Йозеф поехал. Лида в это время находилась дома, после беседы с Гельдорфом она ждала, когда им, наконец, позволят увидеться.

Когда раздался звонок, она не сразу узнала его голос – глухой, как из трубы.

– Я звоню из дома моего товарища по партии Геринга, – начал Йозеф. – Я должен тебе сказать… Я хочу сказать… – Он запнулся.

Геринг, сидевший в кресле, встал и вышел. Геббельс, белый, с трясущимися губами и ледяными руками, был ему противен. Но еще неприятней было воспоминание о собственных трусости и слабости, сломавших в нем решимость расправиться с оскорбившим его Штрайхером и вынудивших пожать тому руку.

Помимо необходимости перетерпеть боль, Йозефу еще предстояло как-то сохранить лицо, то есть попытаться придать общей картине максимум черных тонов, чтобы партийные остряки все не обратили в смех. Ему, самому все и всех высмеивавшему, именно это и грозило теперь, и было опасней, чем прямой гнев фюрера. Смешных людей Адольф при себе долго не терпел.

Геббельс быстро проанализировал, от кого исходит главная опасность. Геринг? Но тот сам был участником и станет помалкивать. Риббентроп, которого Йозеф вышучивал «раз в неделю»? Ему, пожалуй, сейчас не до того. Розенберг? И этому не до Геббельса. Борман? Пожалуй. Лей? Слава богу, в отпуске. Штрайхер? Да, его следовало опасаться прежде других. Этот сумасшедший уже показал, на что способен. Штрайхера полезно было бы задобрить какой-нибудь антисемитской акцией…

Единственным человеком, который в первую неделю ноября встречался с затворником Геббельсом, был Генрих Гиммлер.

Рейхсфюрер приехал к деревушке Ланк под Берлином, неподалеку от которой в уютном деревянном домике Геббельс предавался меланхолии.

– Фюрер окончательно решил судьбу евреев в Германии, а мы чересчур пассивны, – сказал он. – На днях в Париже ожидается акция, после которой гнев немецкого народа должен выплеснуться наружу в стихийной форме. От вас требуется скорректировать в связи с этим вашу речь в Мюнхене и разделить ответственность.

– Почему я? – все поняв, вяло спросил Геббельс.

– Потому что больше некому. Не самому же мне на трибуну лезть, – поморщился Гиммлер. – Штрайхер чересчур одиозен… однообразен, я хотел сказать. Гесс выдвигает условия – чтобы обошлось без жертв. Требует от меня слово чести. – Гиммлер пожал плечами. – Геринг отказался. Лея фюрер сейчас беспокоить запретил. Остальные не годятся. Извините, Йозеф, но придется вам к юбилею путча собрать себя и, так сказать, вдохнуть энергию в акцию, техническая сторона которой подготовлена.

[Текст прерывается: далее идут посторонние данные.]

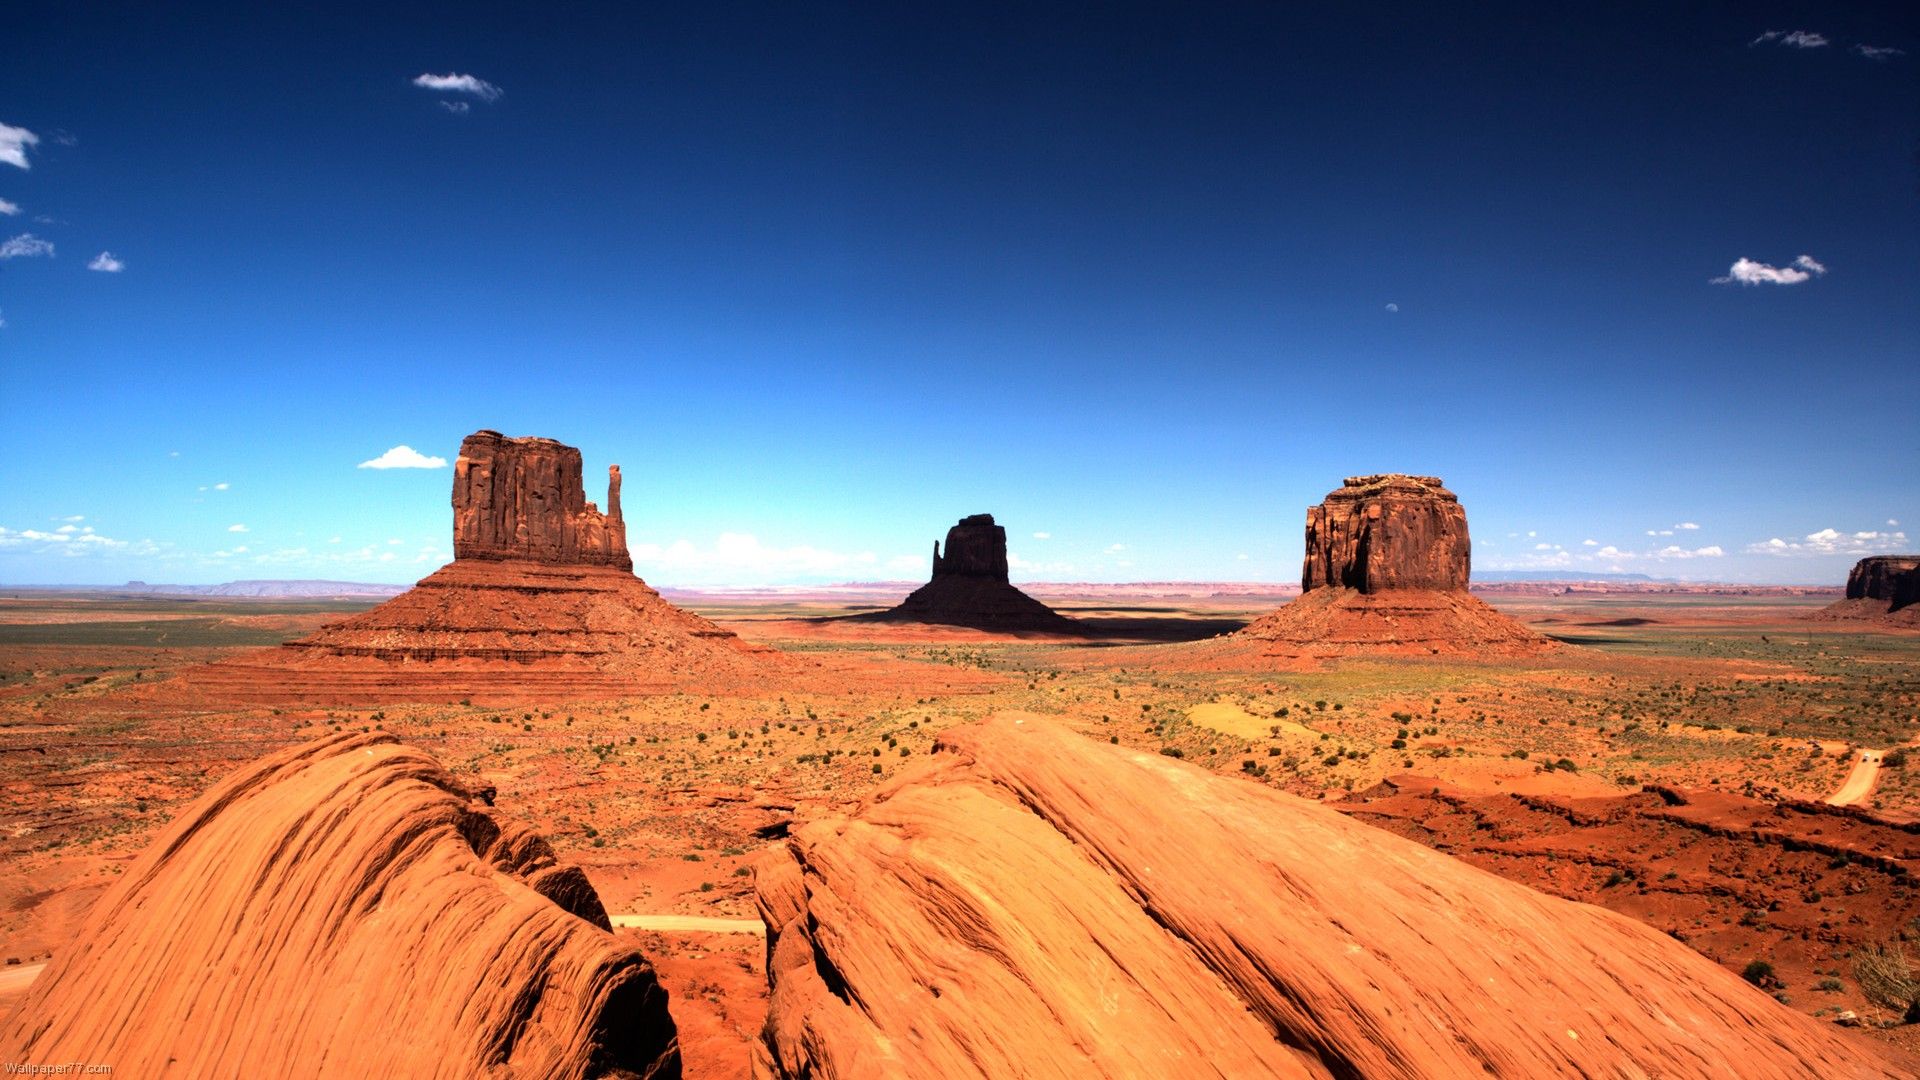 Desert HD Wallpapers   Top Free Desert HD Backgrounds

Гиммлер уехал. Геббельс опять запер все двери, но телефоны включил все-таки. Видит бог, как ему было тошно!!!

«Здравствуйте, мои дорогие!

Мы уже неделю в Ницце. Погода здесь волшебная, море такое теплое, что дети купаются. Роберт чувствует себя неважно, но это у него проходит быстрее, чем прежде. Он целыми днями с детьми у моря – я часто вижу их из окон. Сегодня он учил Давида плавать. А наши плавают, как рыбки! Роберт где-то раздобыл ручного дельфина по имени Людвиг. Это чудо природы специально обучено следить за детьми в море и играть с ними. Вообразите себе, сколько радости, веселья, смеха и счастья!

Мы никуда не ходим и ни с кем не видимся. Только море, солнце, Людвиг, детские выдумки и… бесконечное сожаление о каждой уходящей минуте. Сейчас „остановись, мгновенье!“ – это крик моей души.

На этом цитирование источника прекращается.